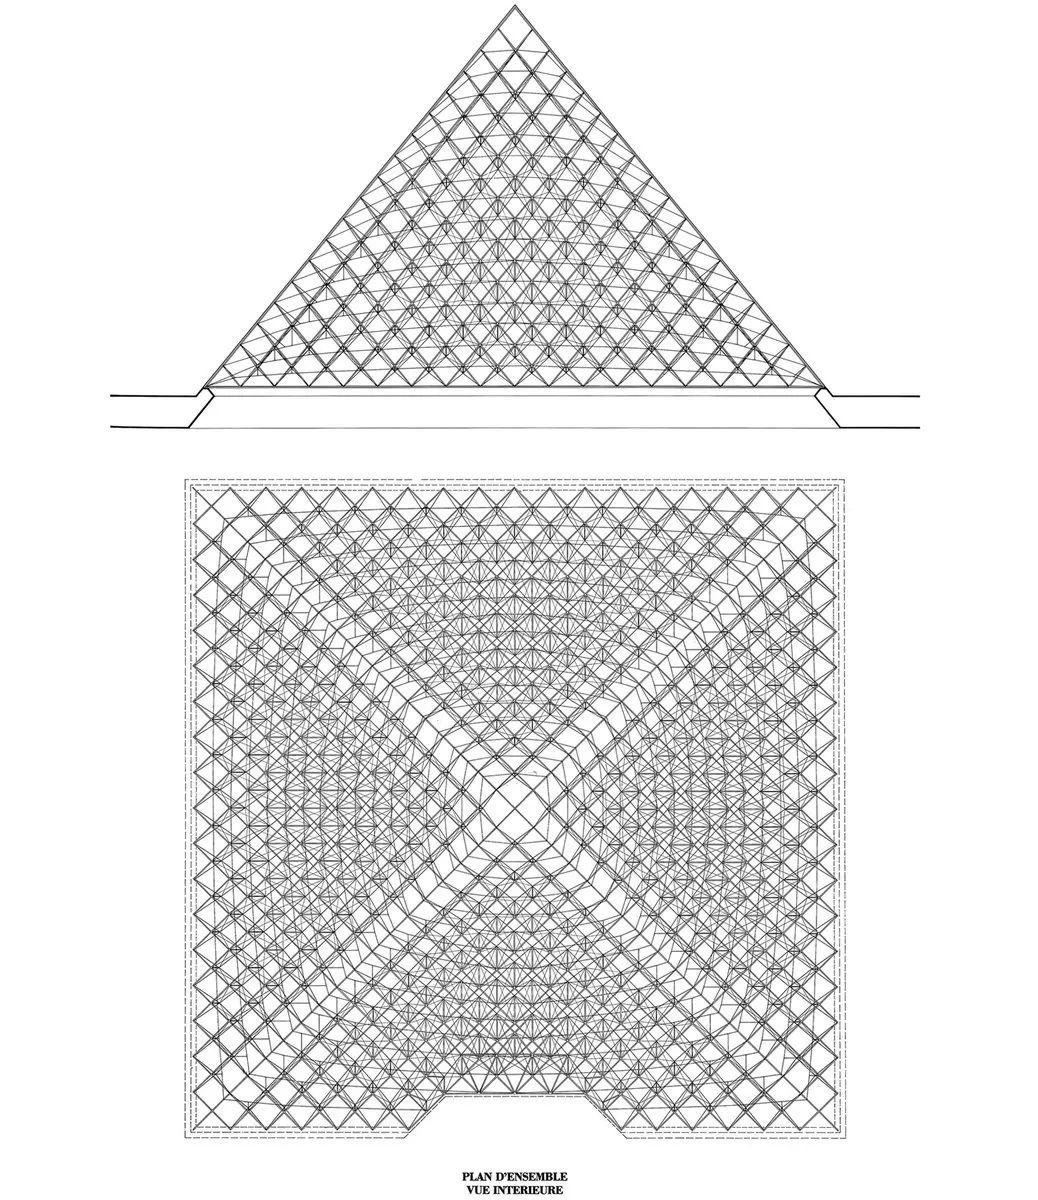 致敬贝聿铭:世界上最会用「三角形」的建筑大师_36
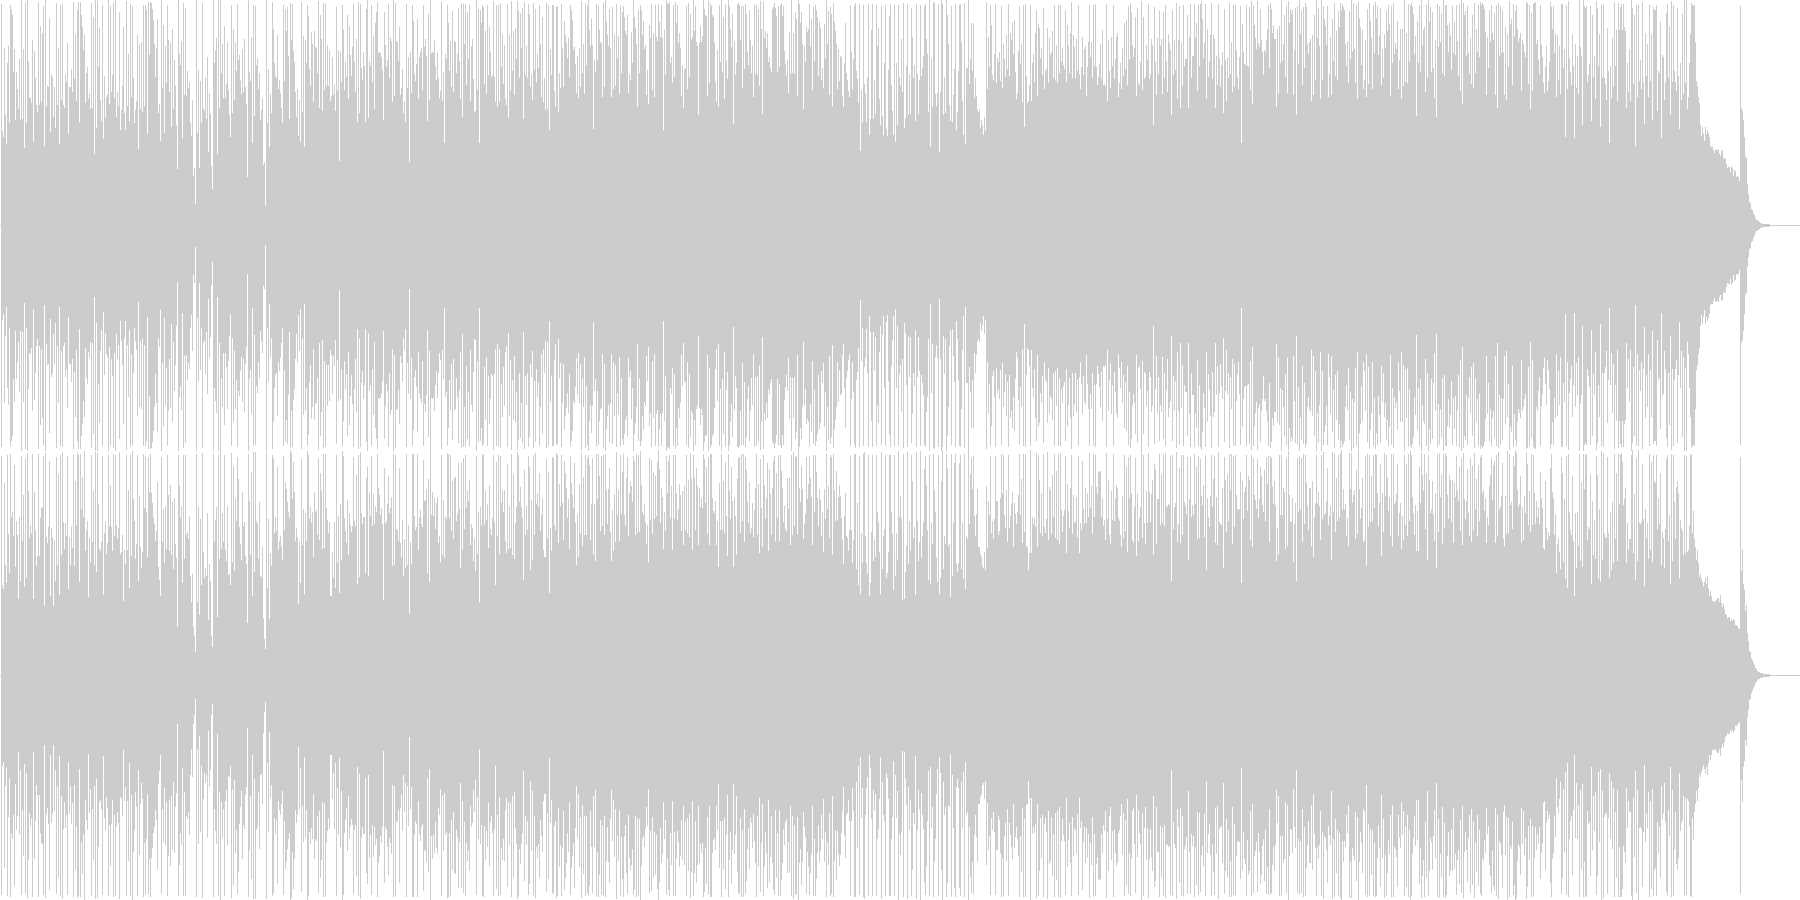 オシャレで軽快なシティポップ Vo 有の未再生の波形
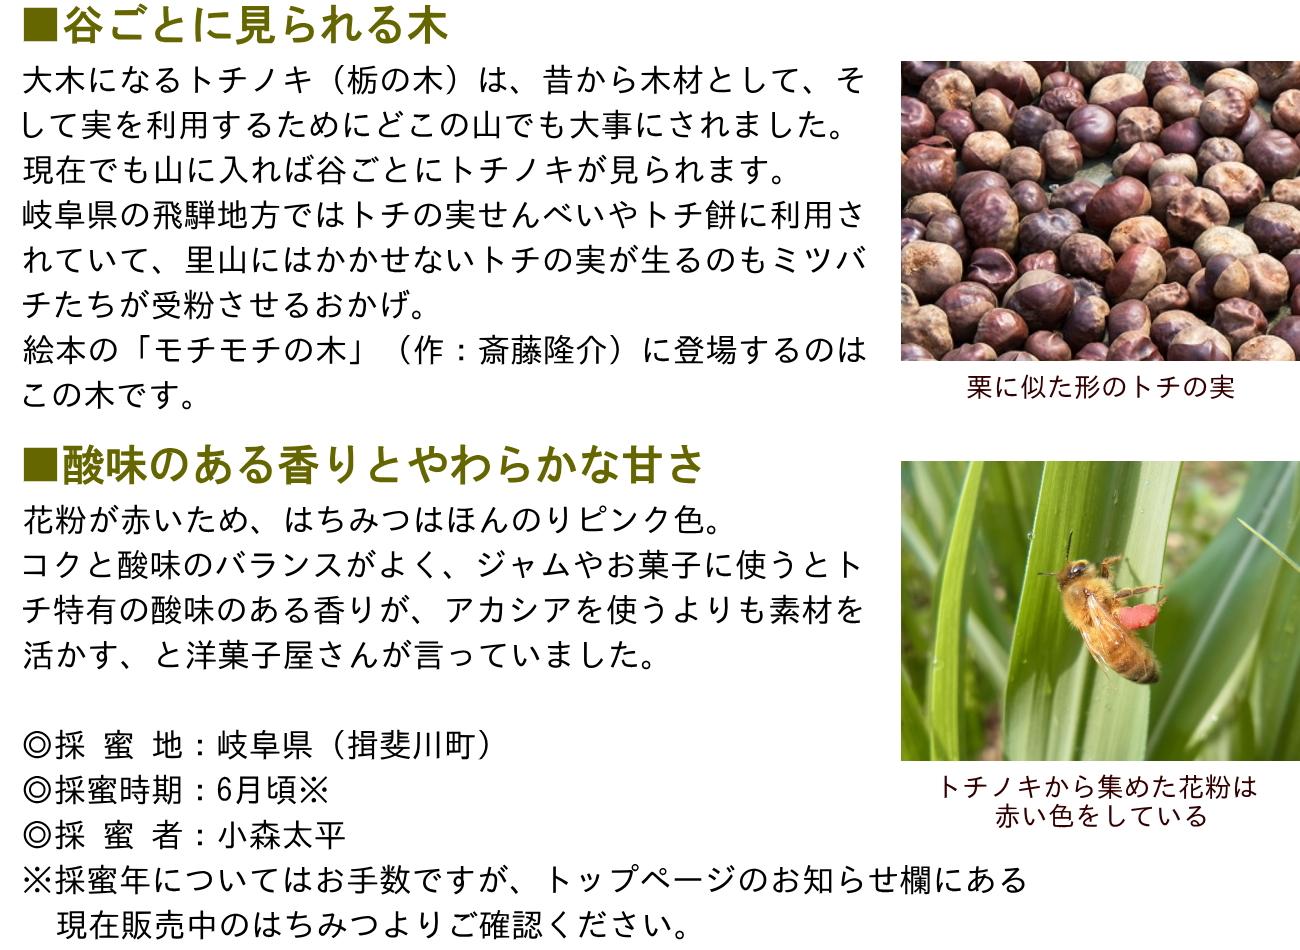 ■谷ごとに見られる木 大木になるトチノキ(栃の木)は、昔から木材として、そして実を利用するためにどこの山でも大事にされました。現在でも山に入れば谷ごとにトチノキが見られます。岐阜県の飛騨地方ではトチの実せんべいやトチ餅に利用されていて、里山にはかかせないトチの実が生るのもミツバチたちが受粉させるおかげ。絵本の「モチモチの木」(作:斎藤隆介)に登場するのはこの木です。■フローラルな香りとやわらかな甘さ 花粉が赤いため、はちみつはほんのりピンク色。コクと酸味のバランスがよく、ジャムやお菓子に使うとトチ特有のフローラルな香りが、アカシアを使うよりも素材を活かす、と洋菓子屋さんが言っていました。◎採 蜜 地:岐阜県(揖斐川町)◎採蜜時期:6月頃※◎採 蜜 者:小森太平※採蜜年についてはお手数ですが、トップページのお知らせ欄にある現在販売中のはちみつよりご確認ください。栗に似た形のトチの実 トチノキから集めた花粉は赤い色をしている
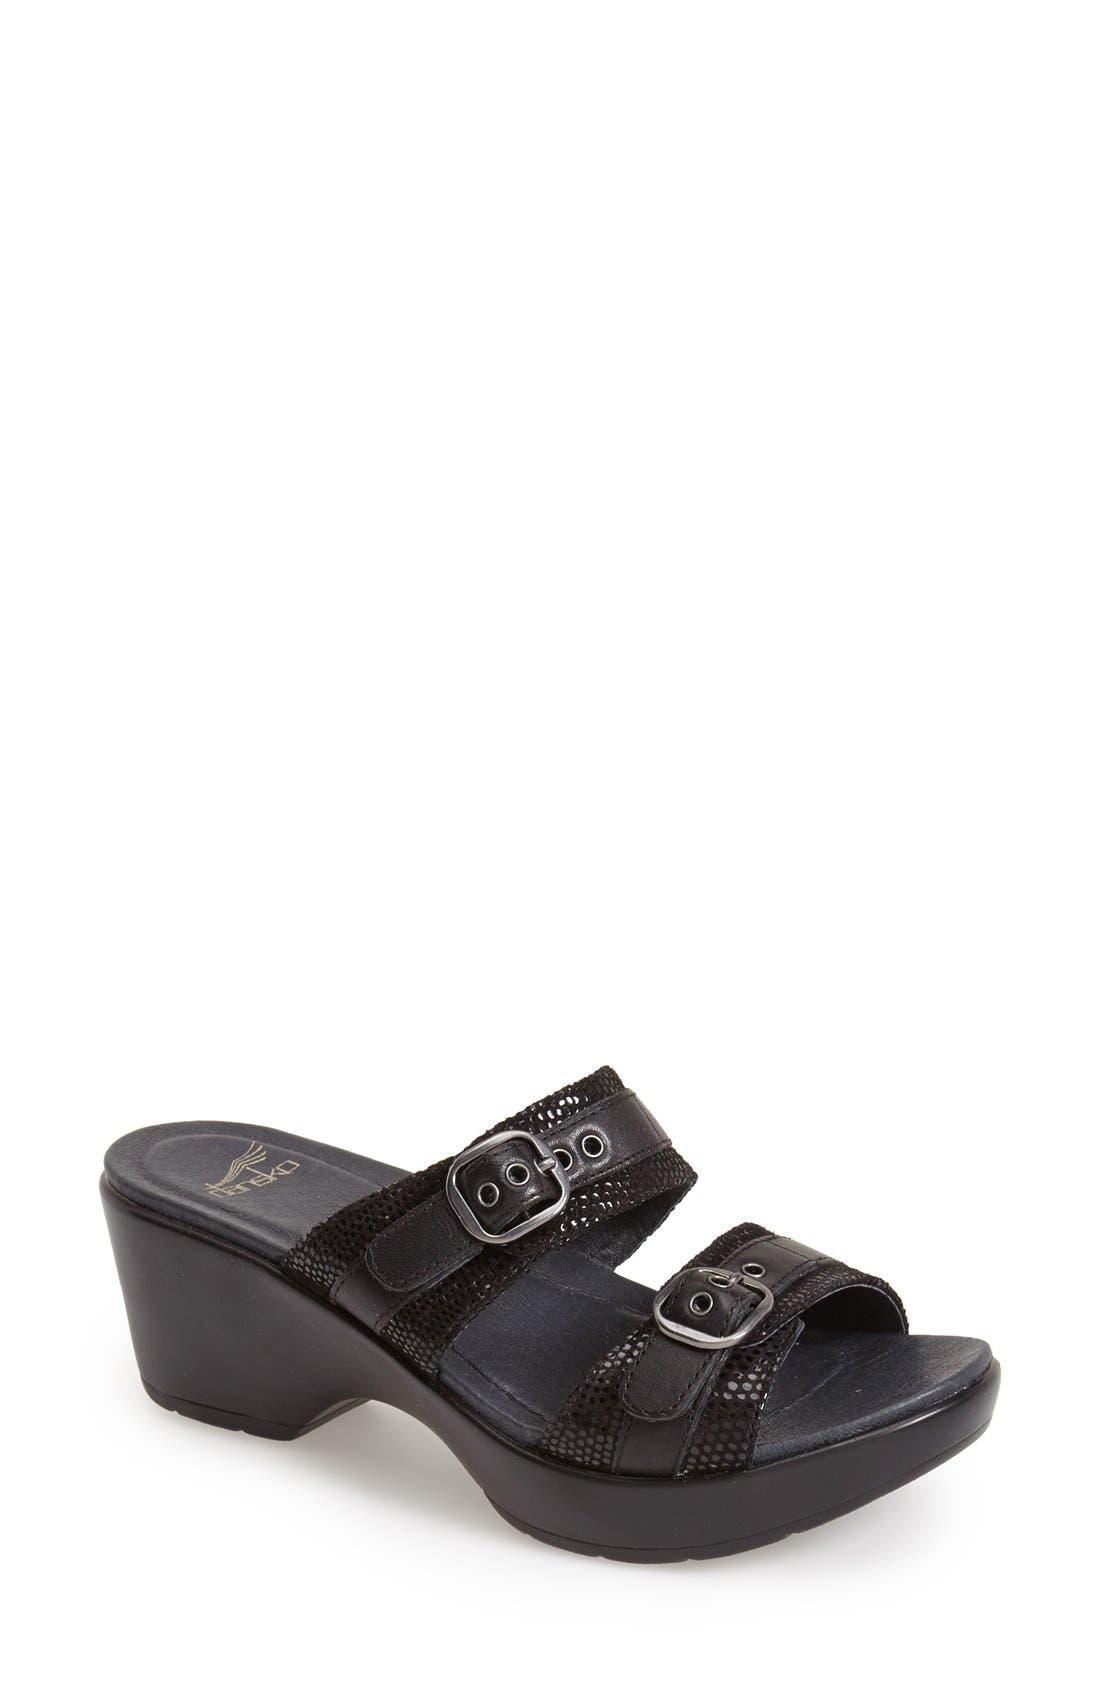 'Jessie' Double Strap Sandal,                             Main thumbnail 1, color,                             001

══════

§ **ACTION ITEM**: Each line above is to be copied exactly, and the pictures are to be dropped.

§ **OUTPUT OF THE TASK**:
 致敬贝聿铭:世界上最会用「三角形」的建筑大师_36
 オシャレで軽快なシティポップ Vo 有の未再生の波形
 ■谷ごとに見られる木 大木になるトチノキ(栃の木)は、昔から木材として、そして実を利用するためにどこの山でも大事にされました。現在でも山に入れば谷ごとにトチノキが見られます。岐阜県の飛騨地方ではトチの実せんべいやトチ餅に利用されていて、里山にはかかせないトチの実が生るのもミツバチたちが受粉させるおかげ。絵本の「モチモチの木」(作:斎藤隆介)に登場するのはこの木です。■フローラルな香りとやわらかな甘さ 花粉が赤いため、はちみつはほんのりピンク色。コクと酸味のバランスがよく、ジャムやお菓子に使うとトチ特有のフローラルな香りが、アカシアを使うよりも素材を活かす、と洋菓子屋さんが言っていました。◎採 蜜 地:岐阜県(揖斐川町)◎採蜜時期:6月頃※◎採 蜜 者:小森太平※採蜜年についてはお手数ですが、トップページのお知らせ欄にある現在販売中のはちみつよりご確認ください。栗に似た形のトチの実 トチノキから集めた花粉は赤い色をしている
 'Jessie' Double Strap Sandal,                             Main thumbnail 1, color,                             001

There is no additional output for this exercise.